Fleury stoned Nicklas Backstrom with a split pad save. He followed that with point-blank stops on Alex Ovechkin and two on Alexander Semin. The Penguins killed the five-on-three and Sidney Crosby tallied seconds later for the opening goal.

“We had a lot of penalties, that’s where they got most of their chances and shots,” Fleury said. “We got out of it on a good note and was a good spark for the game.”

“He was making great saves against five of the best guys that you’ll face in a five-on-three,” defenseman Brooks Orpik said. “I think our PK did a great job, but when he’s playing the way he was, that gives everybody else in front of him a lot of confidence.”

Fleury was similarly strong in the third period and overtime. He stopped Mathieu Perreault on a breakaway. Fleury then made the save of the season in the extra session. Mike Green made a sick move at the side of the net and had Fleury beat. But the 26-year-old netminder reached back with his glove and snatched the puck as it neared the goal line.

“The save on Green in overtime was outrageous,” Bylsma said.

Fleury surrendered only one goal in the shootout on the opening attempt by Ovechkin. Fleury stonewalled the remaining six shooters to set the table for Pascal Dupuis’ game-deciding goal.

“First one went in so I was a little bit mad,” Fleury said. “Right away we got a big goal after that so I relaxed a little. It went alright.”

What also went alright was that the Penguins were able to get the better of their rivals in the first of four meetings this season, and the preliminary matchup to the 2011 NHL Bridgestone Winter Classic.

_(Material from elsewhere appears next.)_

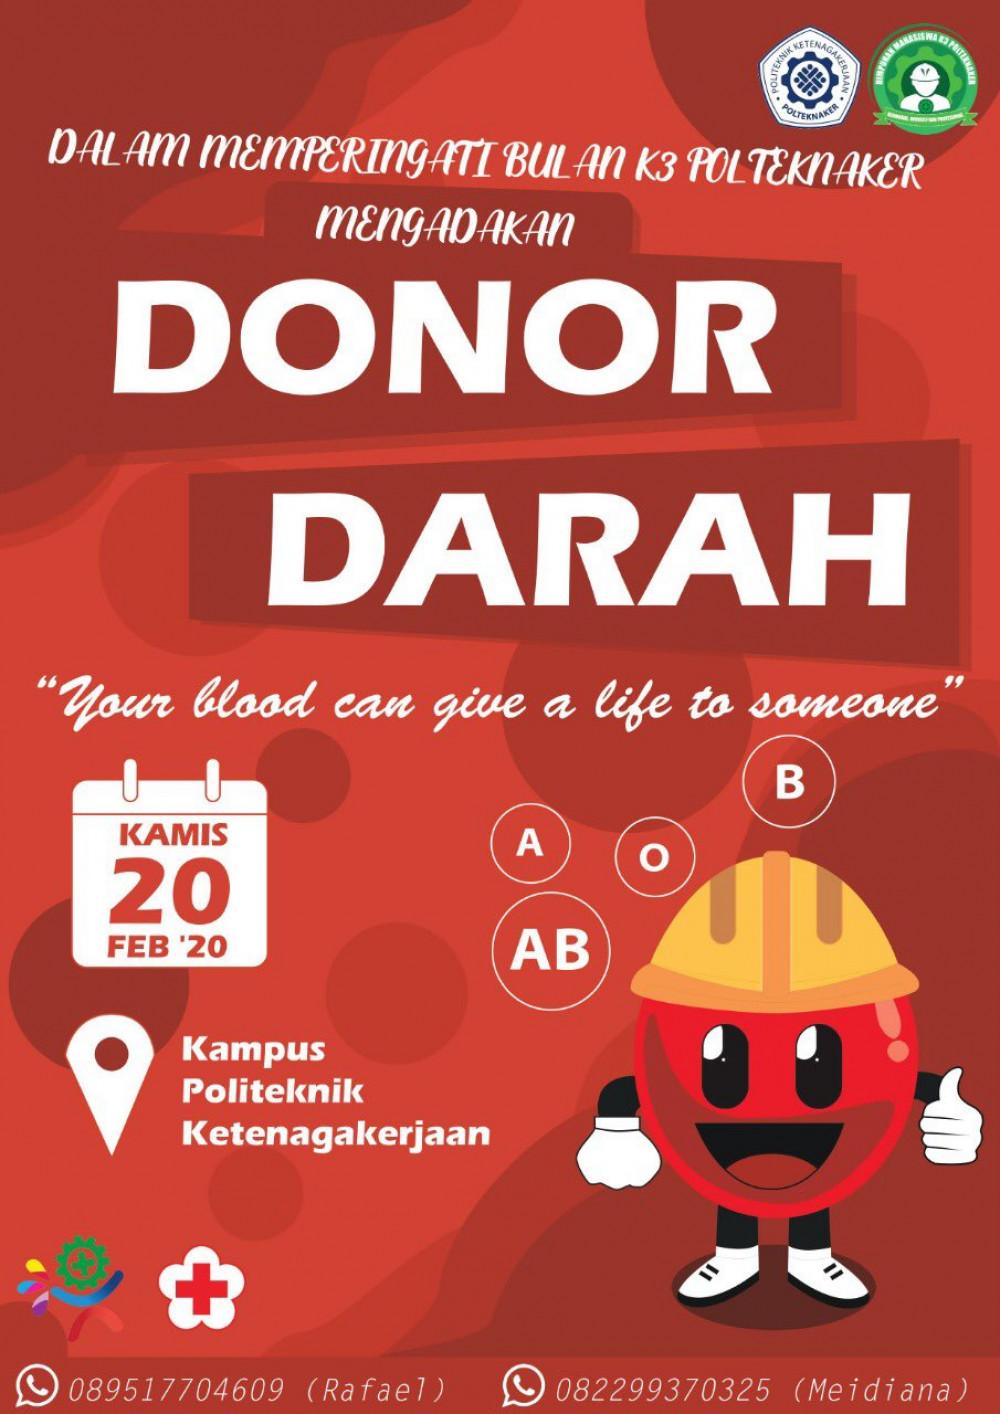 Donor Darah Politeknik Ketenagakerjaan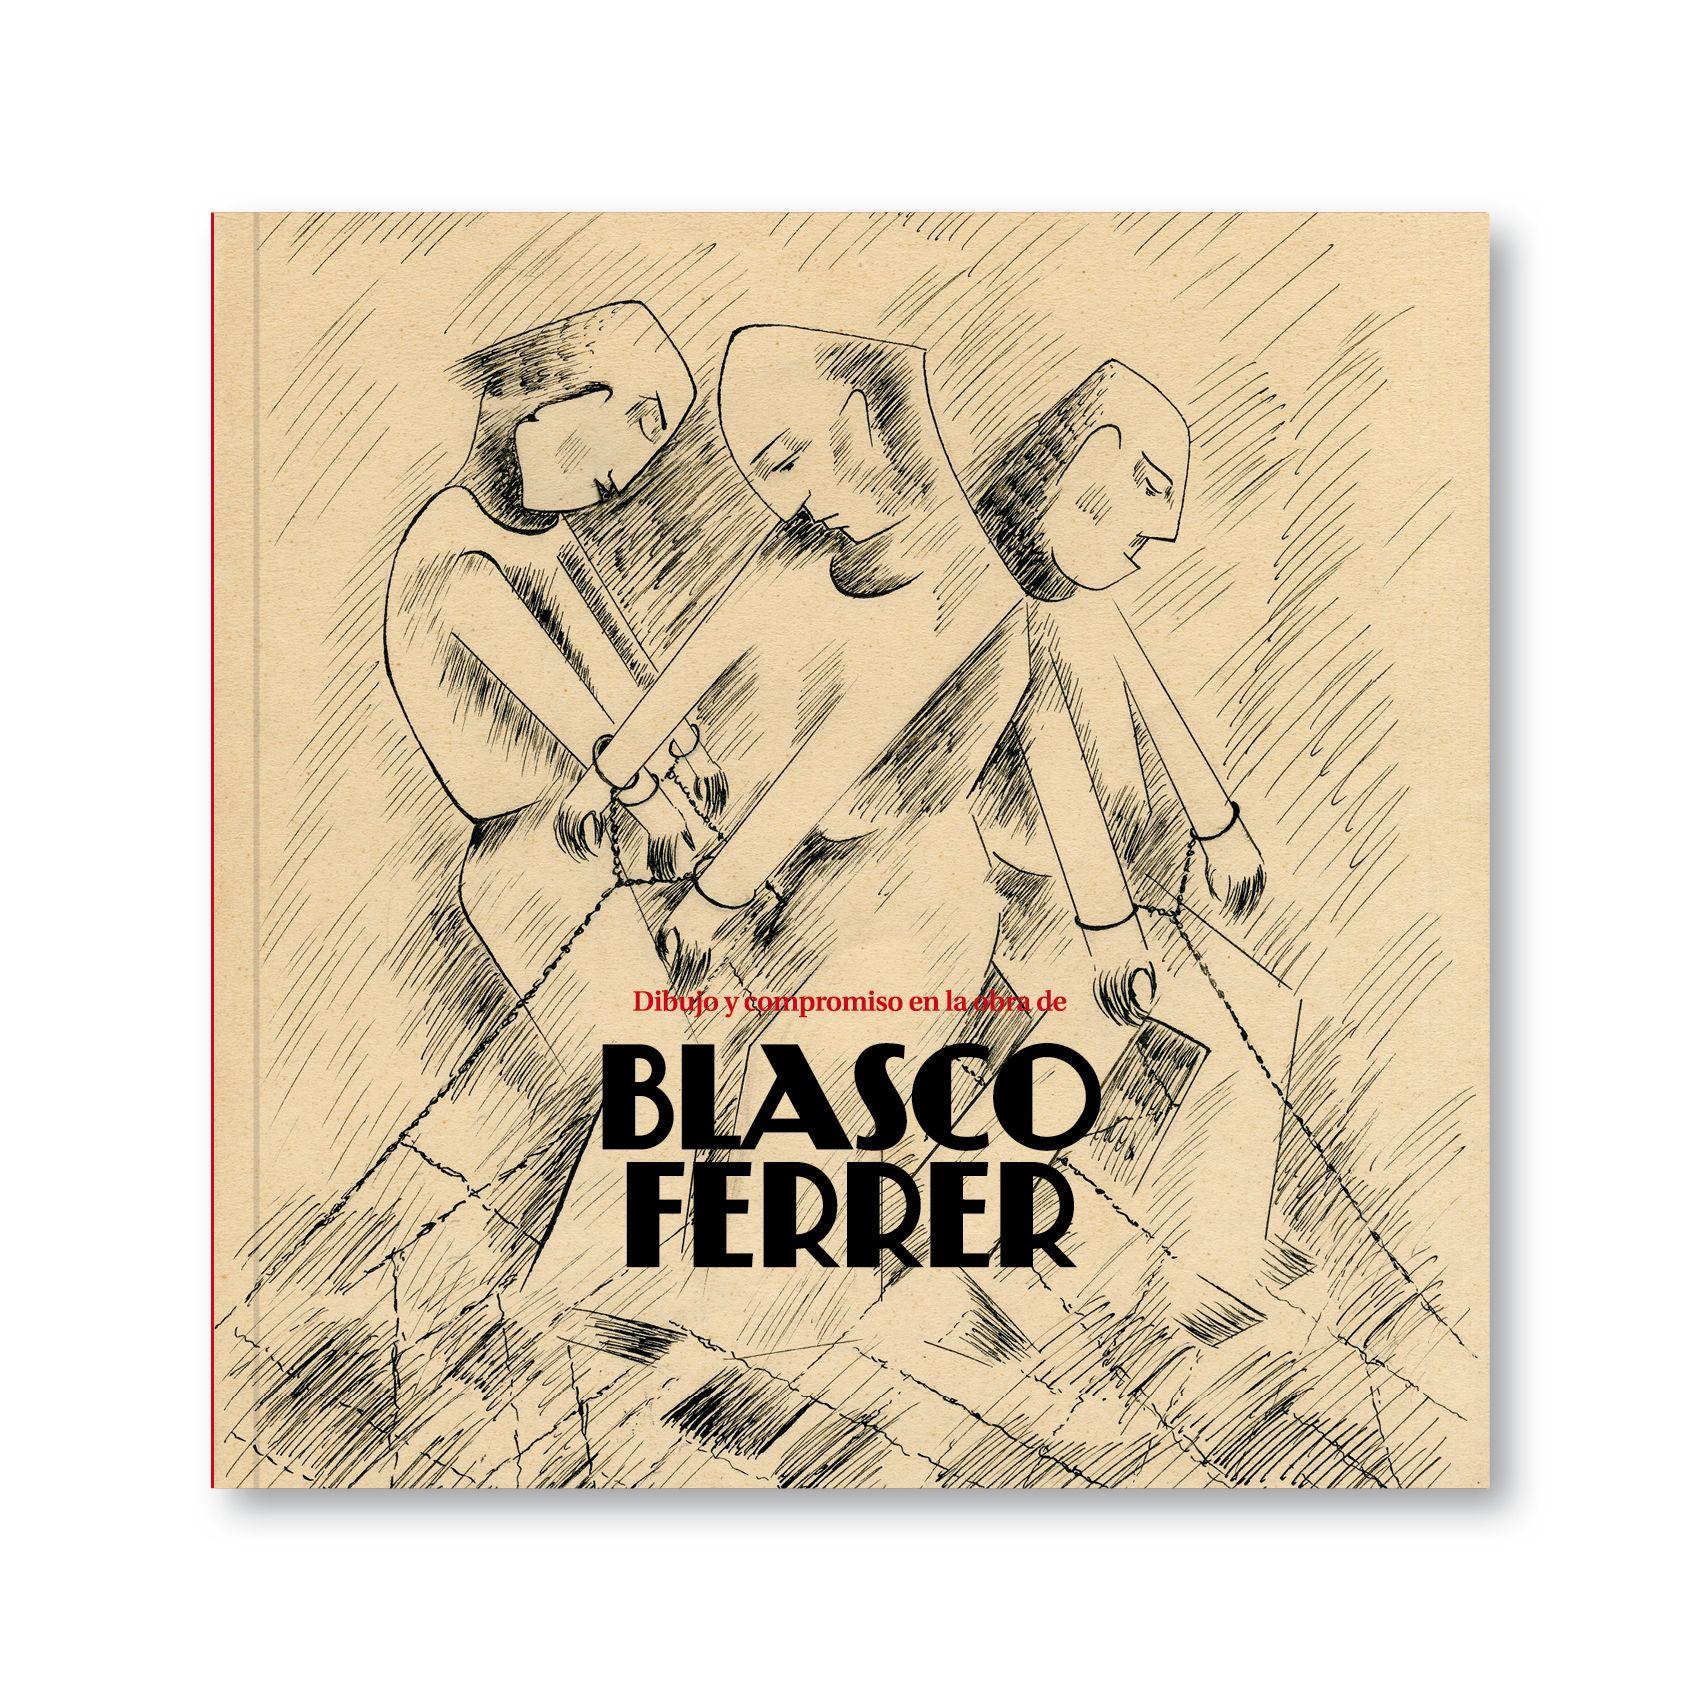 Catálogo para la exposición Dibujo y compromiso en la obra de Blasco Ferrer

And the team picked up two huge points in the standings. Thanks to their goaltender.

“This is as consistent as I’ve ever seen him play,” Orpik said. “He’s obviously got a boatload of talent. That’s the toughest thing to achieve in this league. You learn some nights you don’t feel as well as other nights. You just try to play as consistent as possible. That’s what he’s done all year.

“He was our best player by far all night.”